-- WORK REQUIRED --
Pictures are not part of the copy; reproduce the remaining data exactly.
== INPUT DATA
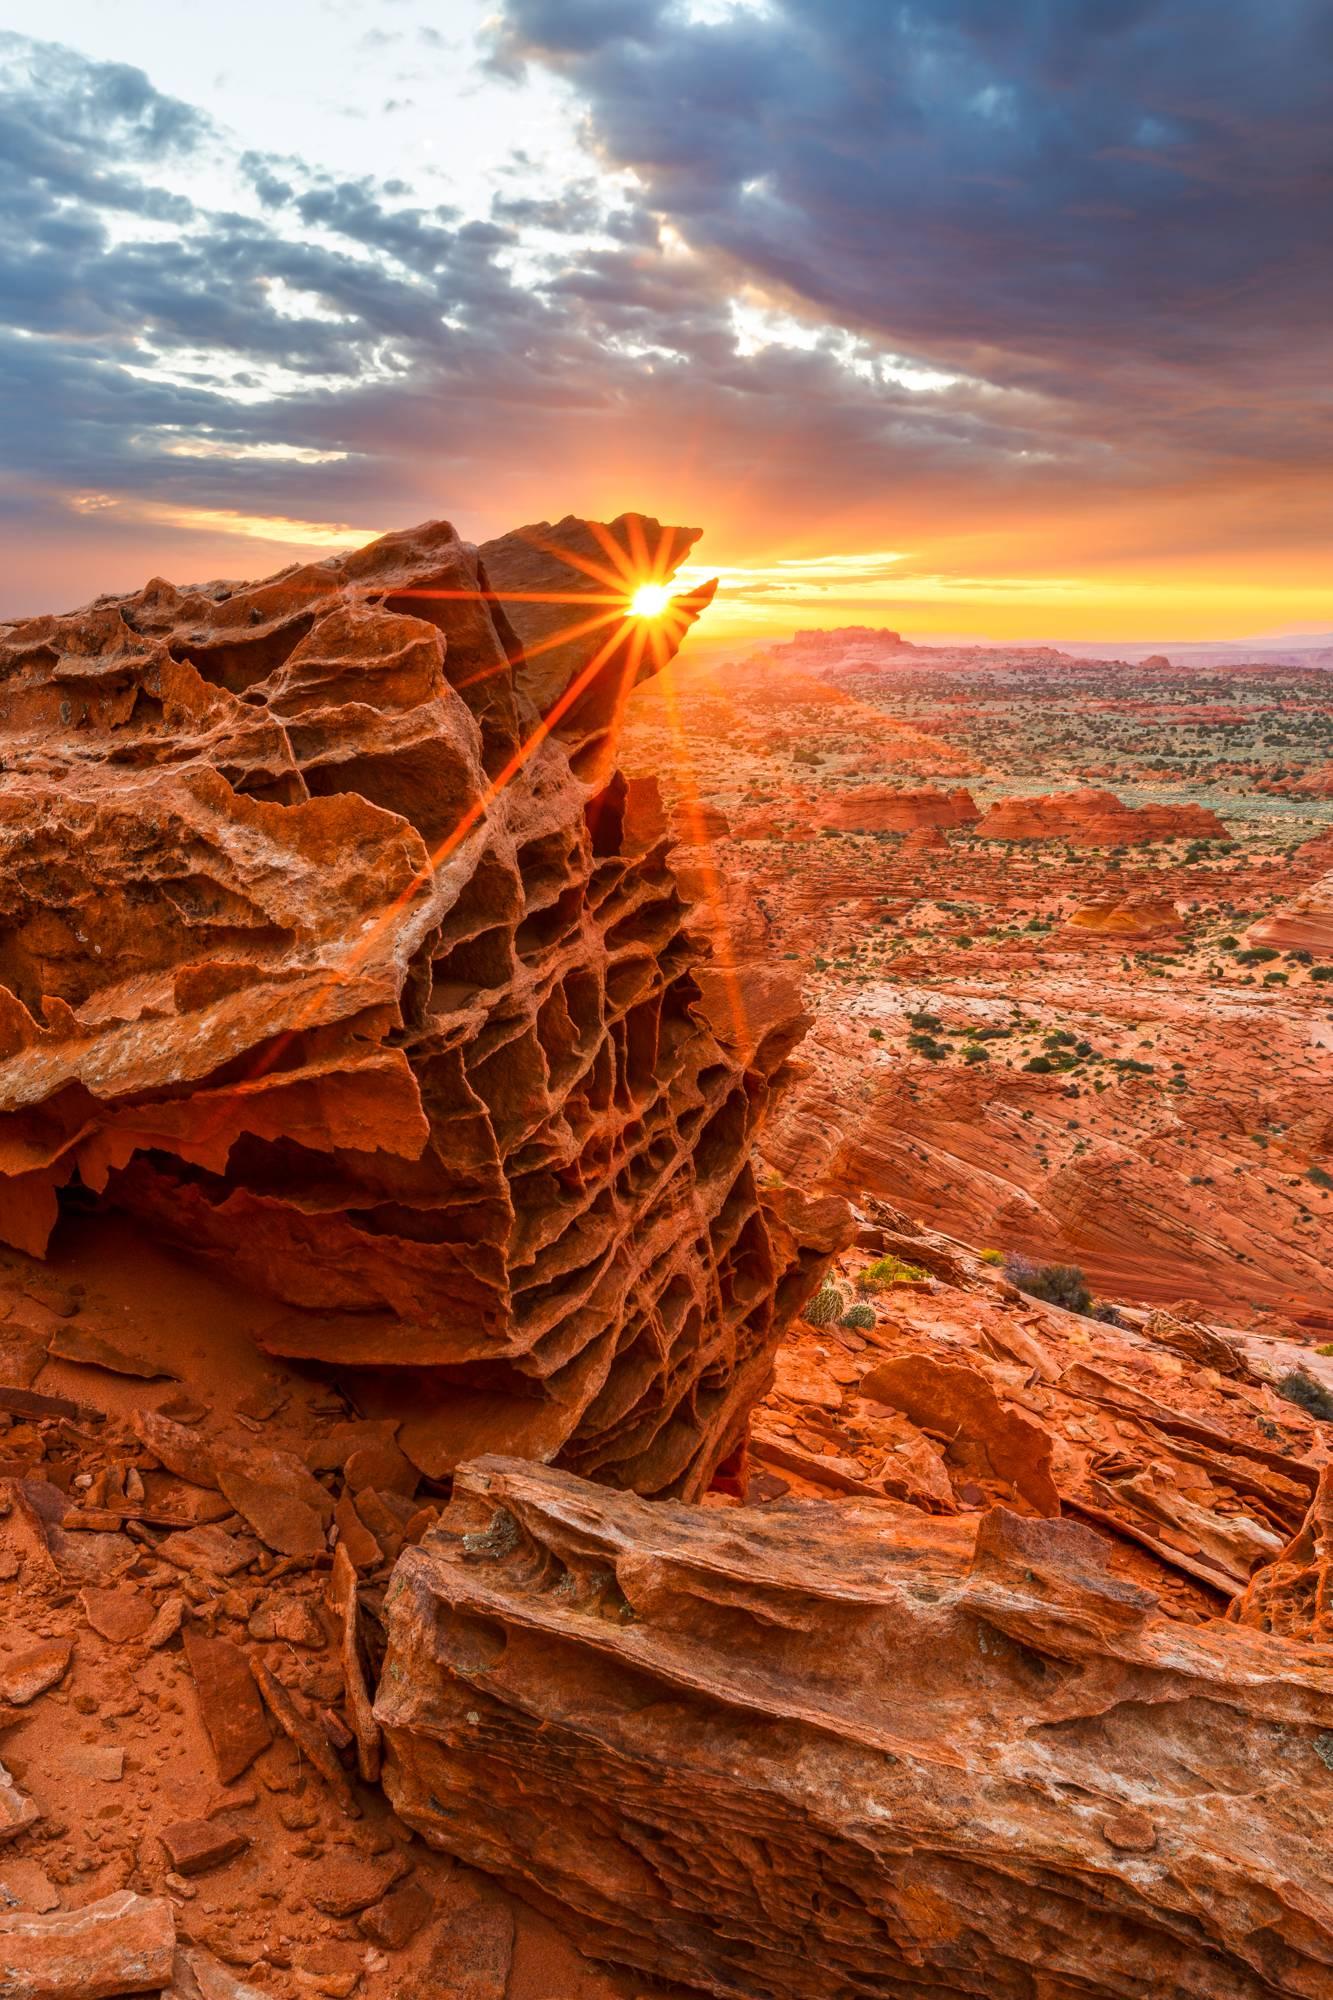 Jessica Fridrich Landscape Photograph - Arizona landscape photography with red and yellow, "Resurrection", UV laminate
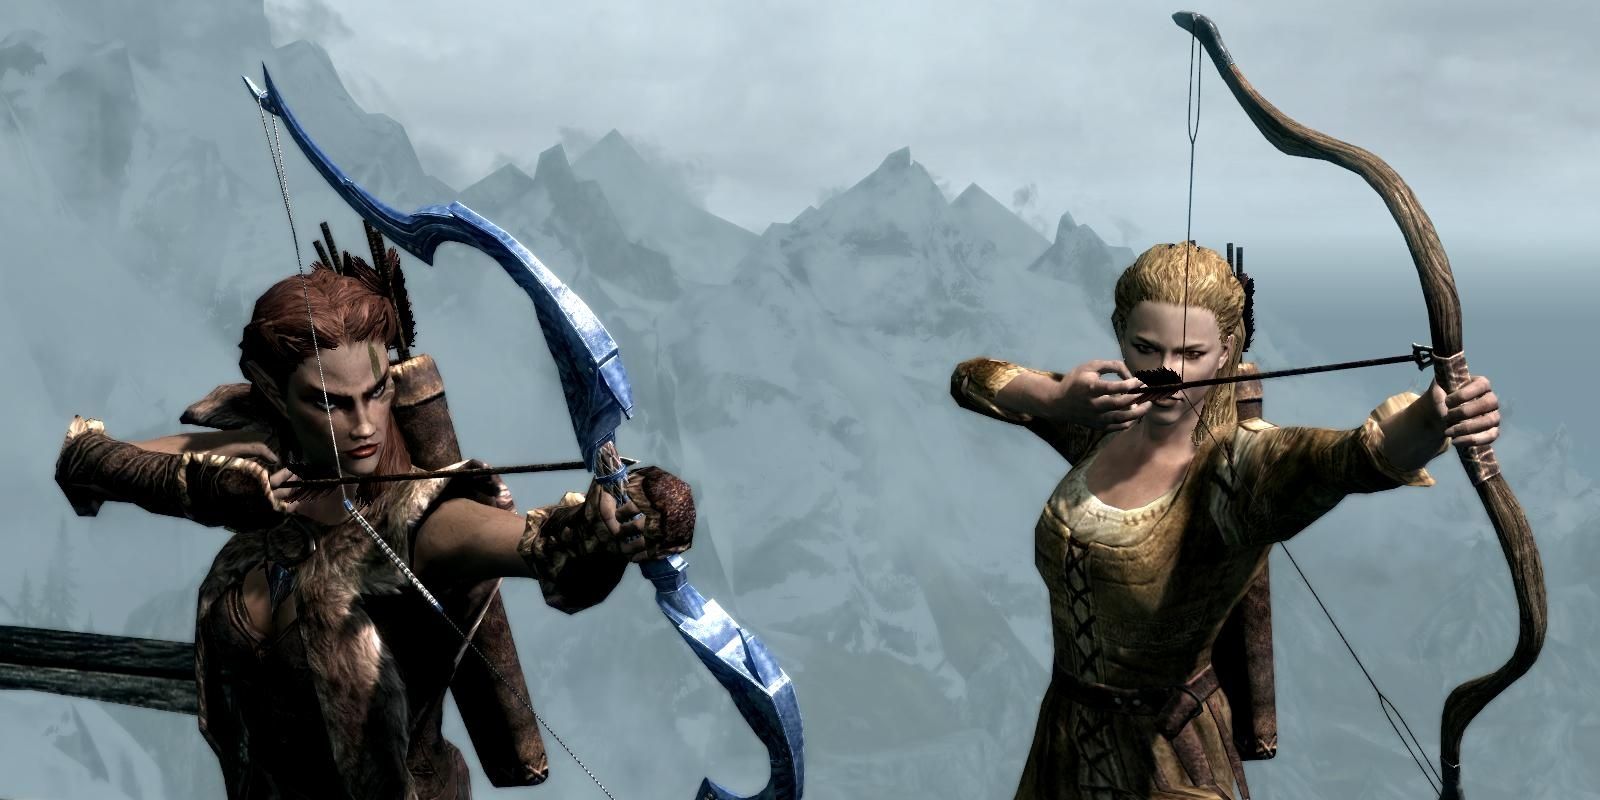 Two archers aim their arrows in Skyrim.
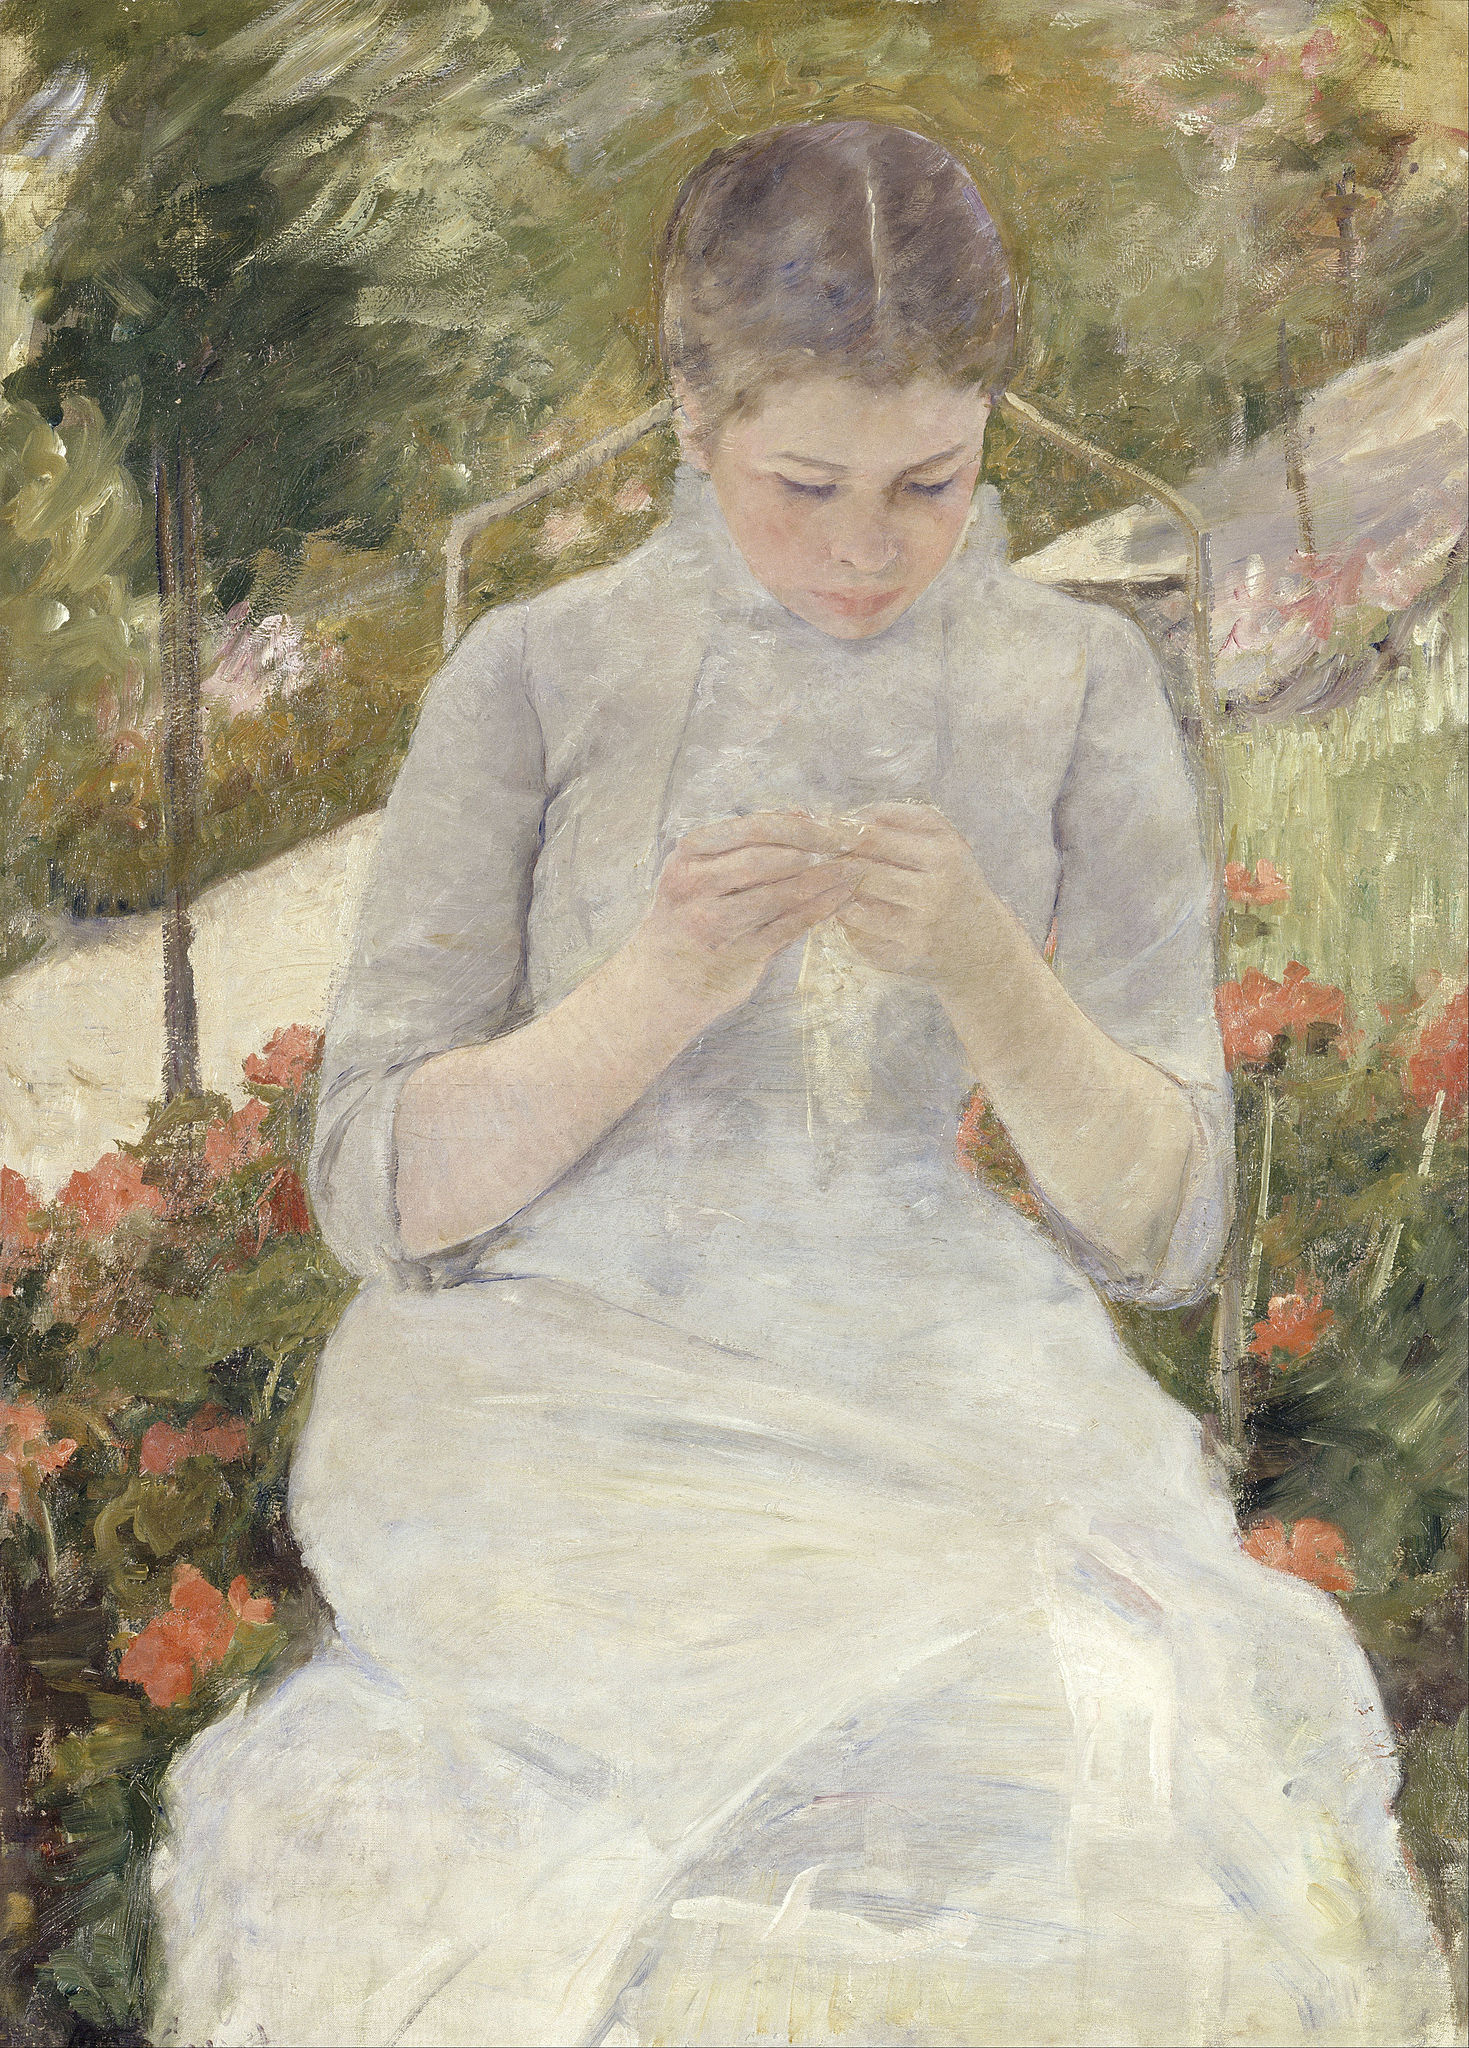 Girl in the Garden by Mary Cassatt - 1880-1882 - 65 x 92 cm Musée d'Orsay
====
-- RESPONSE --
 Jessica Fridrich Landscape Photograph - Arizona landscape photography with red and yellow, "Resurrection", UV laminate
 Two archers aim their arrows in Skyrim.
 Girl in the Garden by Mary Cassatt - 1880-1882 - 65 x 92 cm Musée d'Orsay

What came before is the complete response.